Extending across the lamp cavity is a bracket 50. The bracket 50 extends from each section 32 and 34 to meet in the middle of the lamp cavity 38. A hole 52 is formed centrally in the bracket to receive a lamp socket 54. Associated with the lamp socket 54 and extending forwardly into the reflector 44 is a lamp 56. The lamp 56 is preferably a 12-volt quartz halogen lamp. Naturally, the lamp 56 can be replaced by removal of the socket 54 as may be needed.

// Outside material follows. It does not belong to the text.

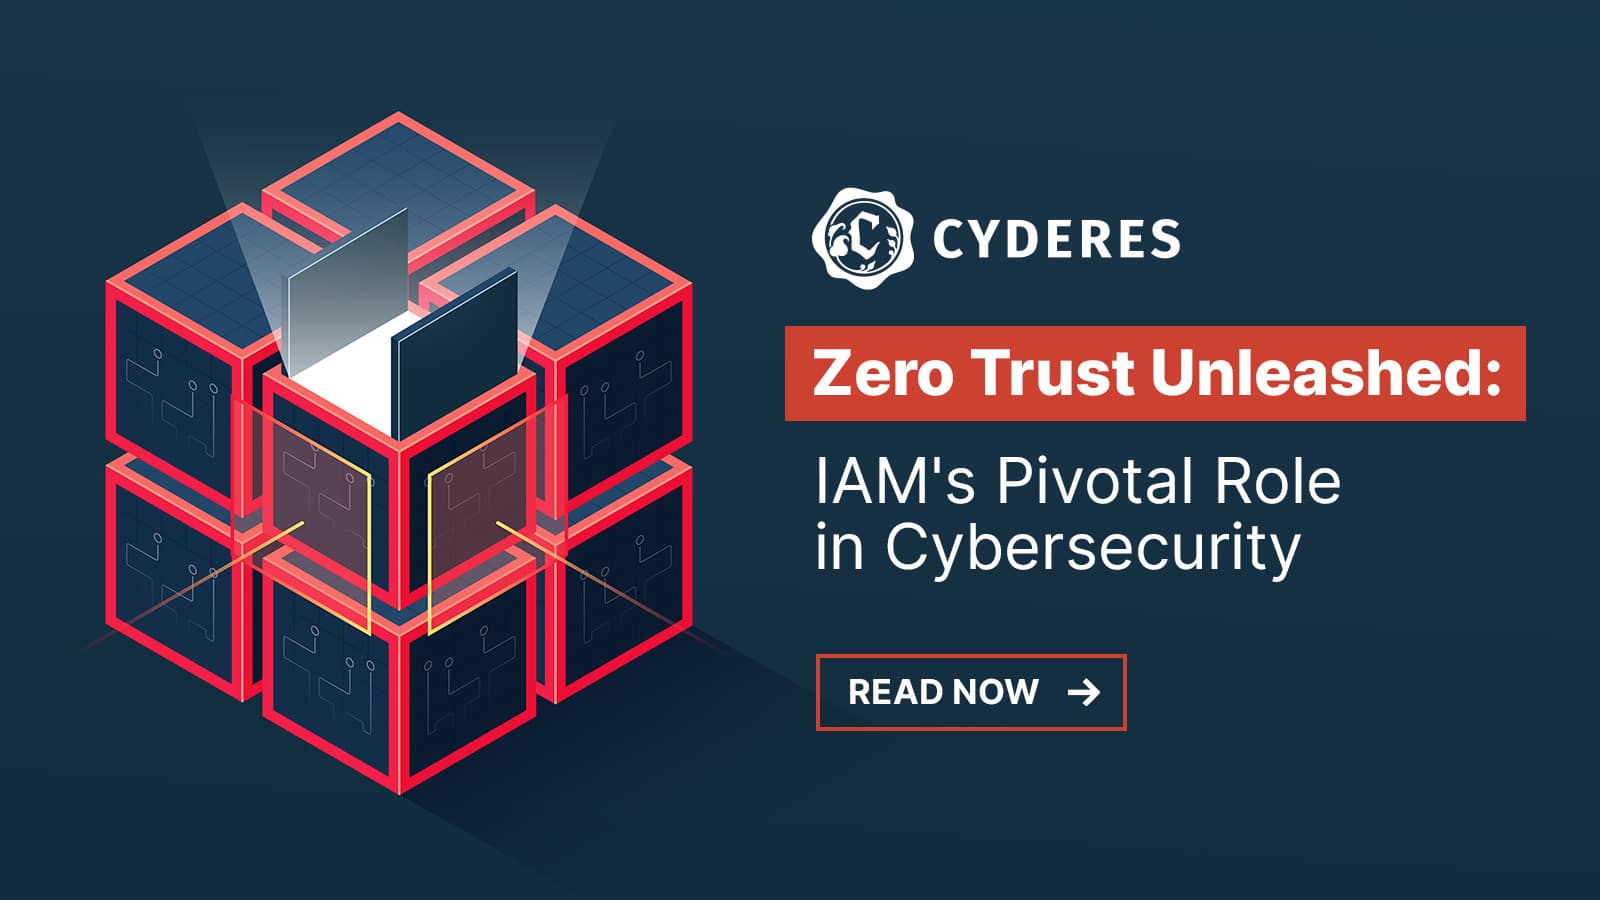 Zero Trust Unleashed: IAM’s Pivotal Role in Cybersecurity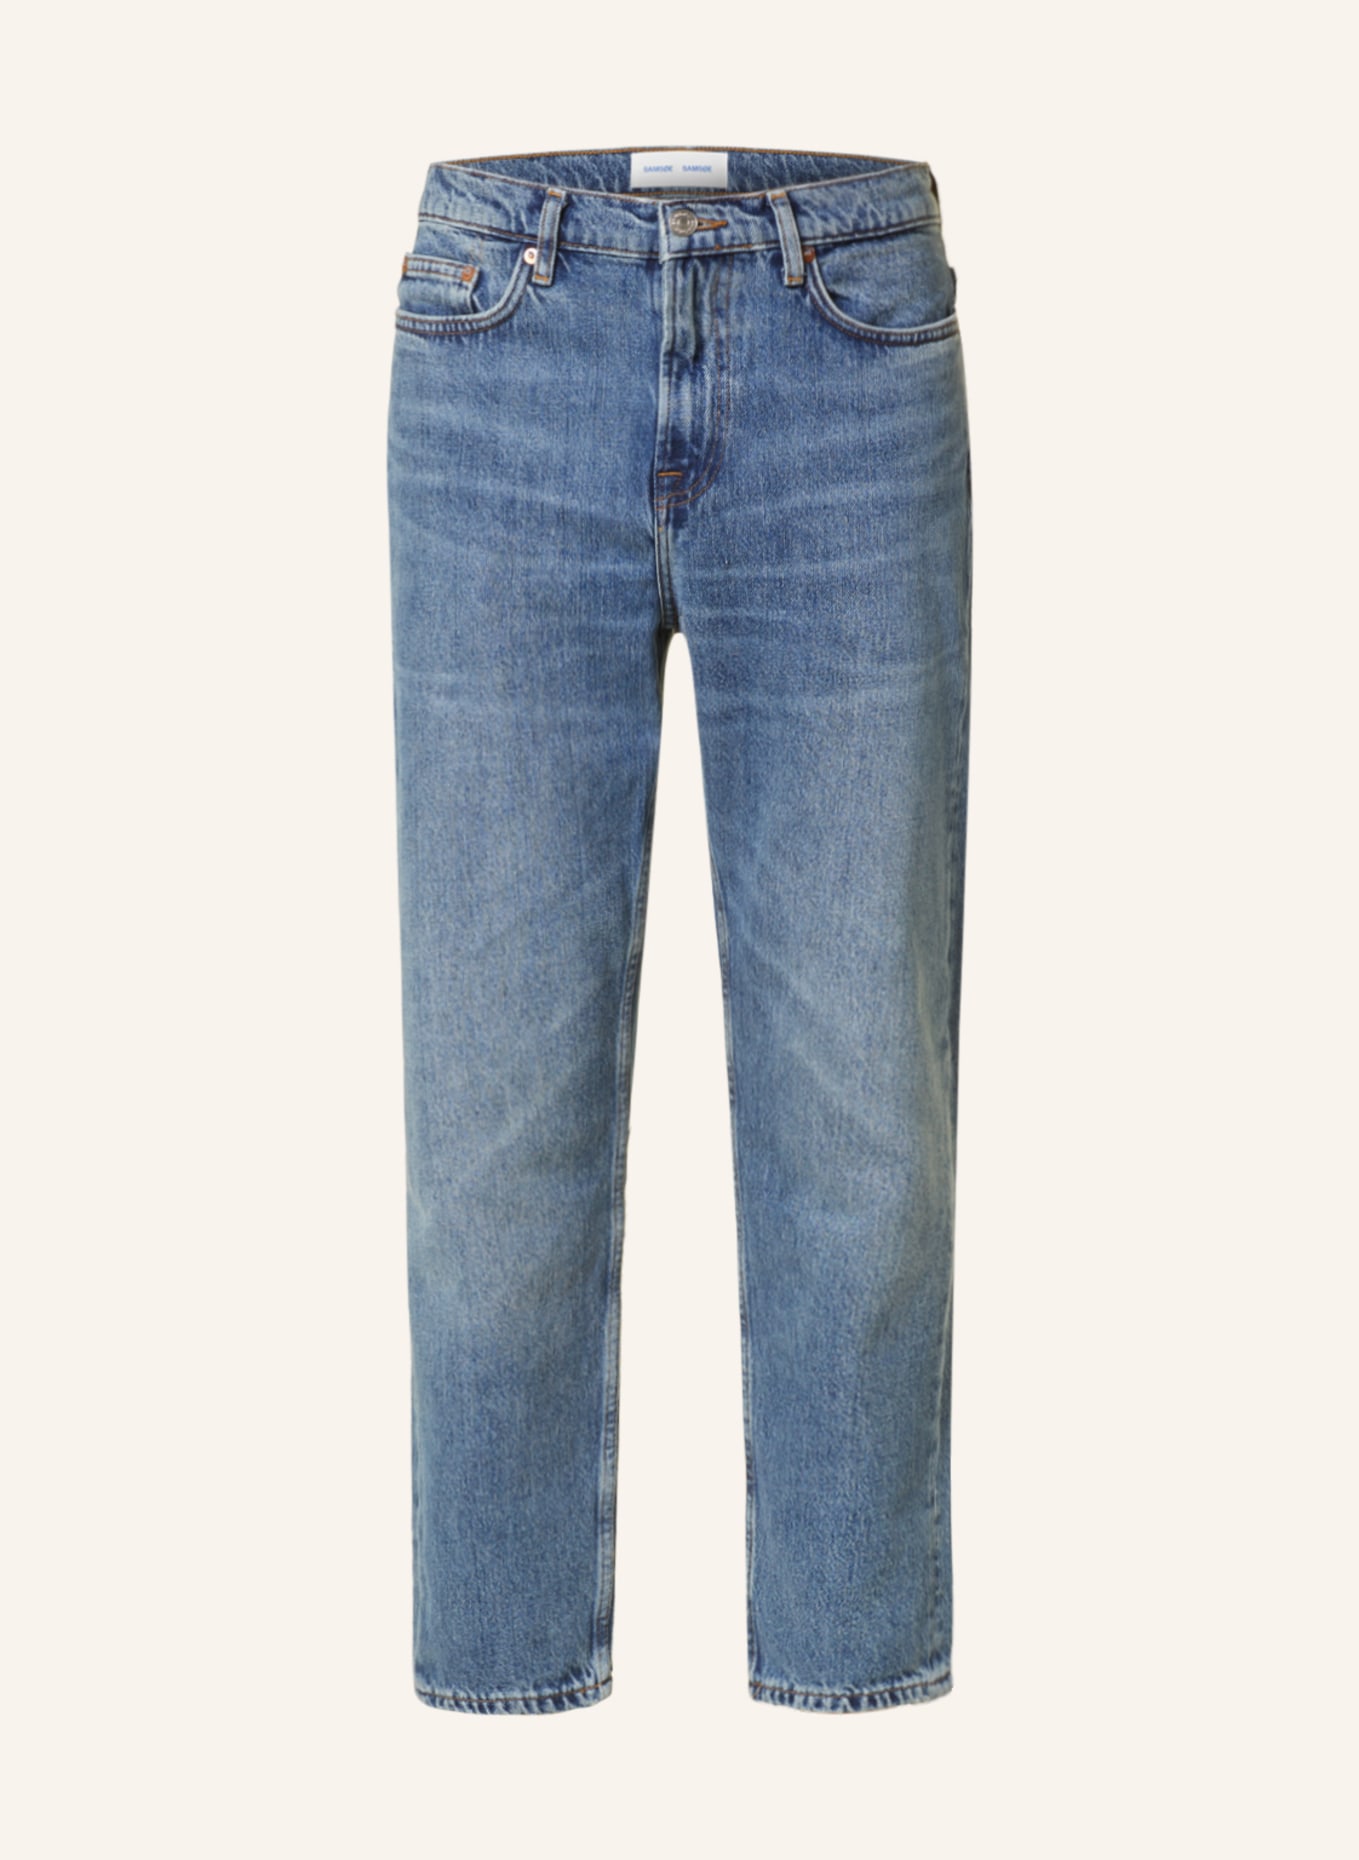 SAMSØE  SAMSØE Jeans COSMO Regular Fit, Farbe: CLR000945 HERITAGE (Bild 1)

To deliver power to the lamp 56, the socket 54 is associated with leads 58 and 60. The leads 58 and 60 extend through the access hole 42 into the transformer cavity 36. A transformer 62 is positioned within the transformer cavity 36 to receive the leads 58 and 60. Also coupled with the transformer is three wire cord 64 of underwater capacity. A seal and stress relief for the cord 64 are provided by an extended socket 66, sealing material 68 and a hog ring 70. The transformer cavity 36 may be filled with sealant where appropriate. Resilient sealing material 72 is also positioned about the leads 58 and 60 to ensure watertight seal of the transformer cavity 36.
In assembling the light 10, the transformer 62 and the reflector 44 are appropriately positioned in one of the two sections 32 and 34. The other section is then brought into position, locking the reflector 44 and the transformer 62 in place. The sections are then bonded or welded together. Naturally, the wires to the transformer 62 must also be appropriately positioned and coupled with the transformer 62 prior to closure of the housing. The positioning of the housing 30 on the lens head 14 is accomplished at the spa once the lens head 14 has been positioned on the spa. The housing 30 may be bonded to the lens head 14 or brought into interlocking engagement through the use of conventional bayonet couplings or the like.
Accordingly, a simply constructed, efficient and safe spa light is disclosed. While embodiments and applications of this invention have been shown and described, it would be apparent to those skilled in the art that many more modifications are possible without departing from the inventive concepts herein. The invention, therefore, is not to be restricted except by the spirit of the appended claims.